Why can’t we just be OK with other women’s choices or styles?
I am not quite sure, but I believe it has to do with the super-woman complex, with us trying to do-it-right, to be perfect.
And the attachment to right and wrong that comes with it. Because ultimately there can be just one perfect…(or so we think).
There is something very telling that I have read and heard first hand from very successful working moms (the few that make it to the top) during my years with Fortune 100 corporations: at some point they realize that they are not and will never be perfect. They won’t always do it right at home or at work, they won’t always be “there” and they can’t do it all alone (that ‘s what you have teams and family for ;-). What drives them is something else, something personal that has nothing to do with what others think (if it was, none of them would survive the ascent).

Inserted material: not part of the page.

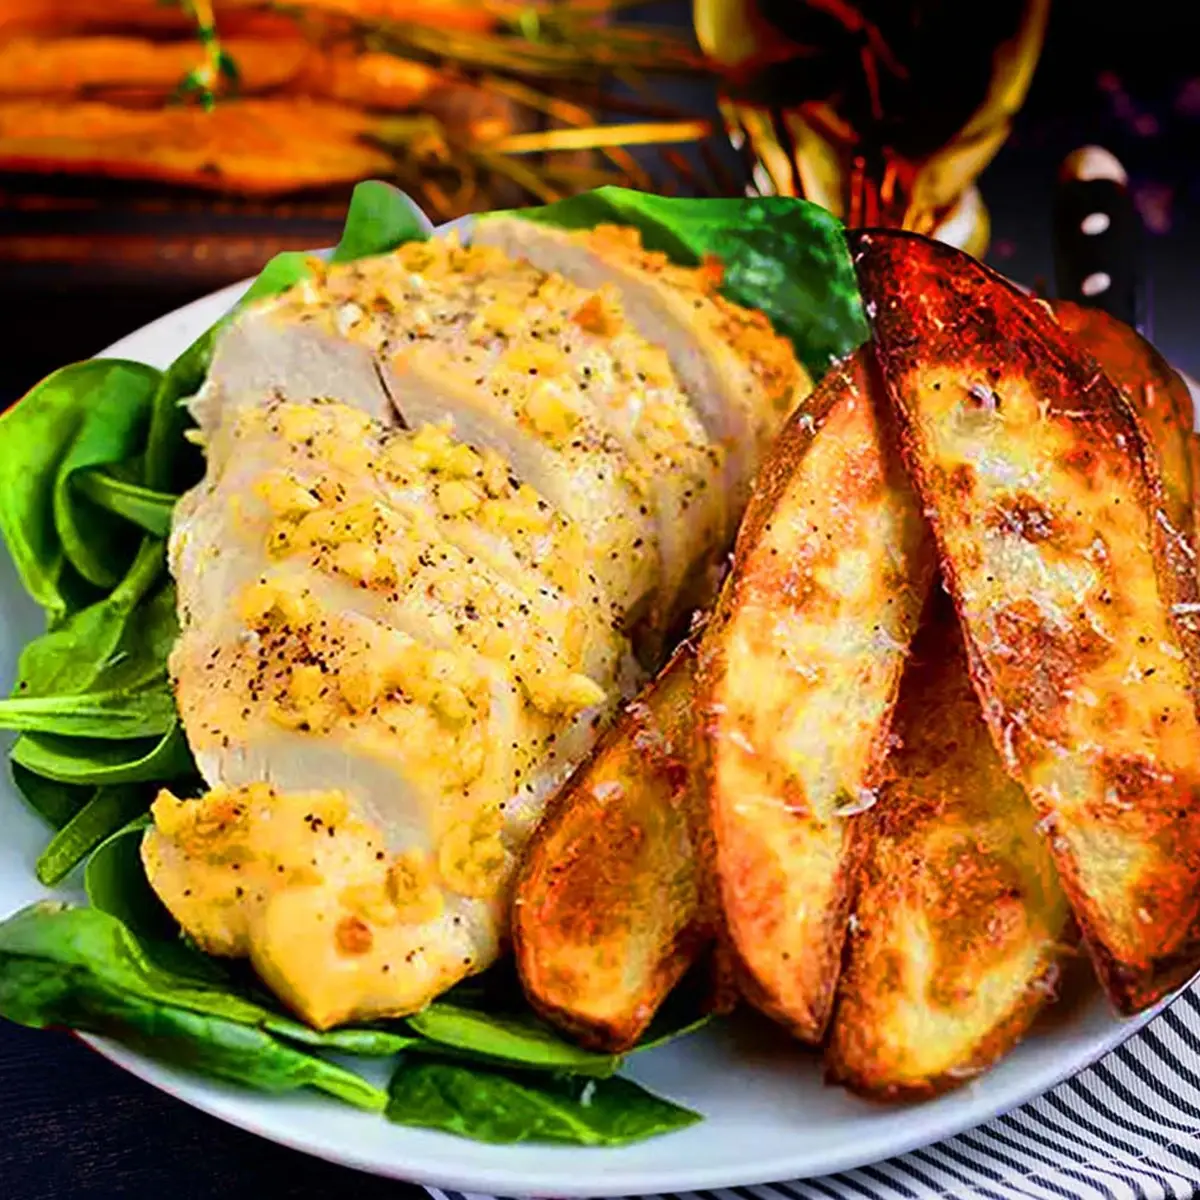 Parmesan Garlic Chicken with Roasted Wedges Recipe Card

And a lot of their success and drive to mentor other women come from that realization. Once you are there –at the point that your choices are about & for you alone, other women’s choices do not affect yours, your own past choices do not drive you. You stop comparing and you are free to soar and to serve.
I had to ask myself, do I do this too? And yes I do, but I’ve become a lot more understanding, supporting and inclusive since I am not striving to have the perfect life anymore. And I make a point at catching myself when I am judging.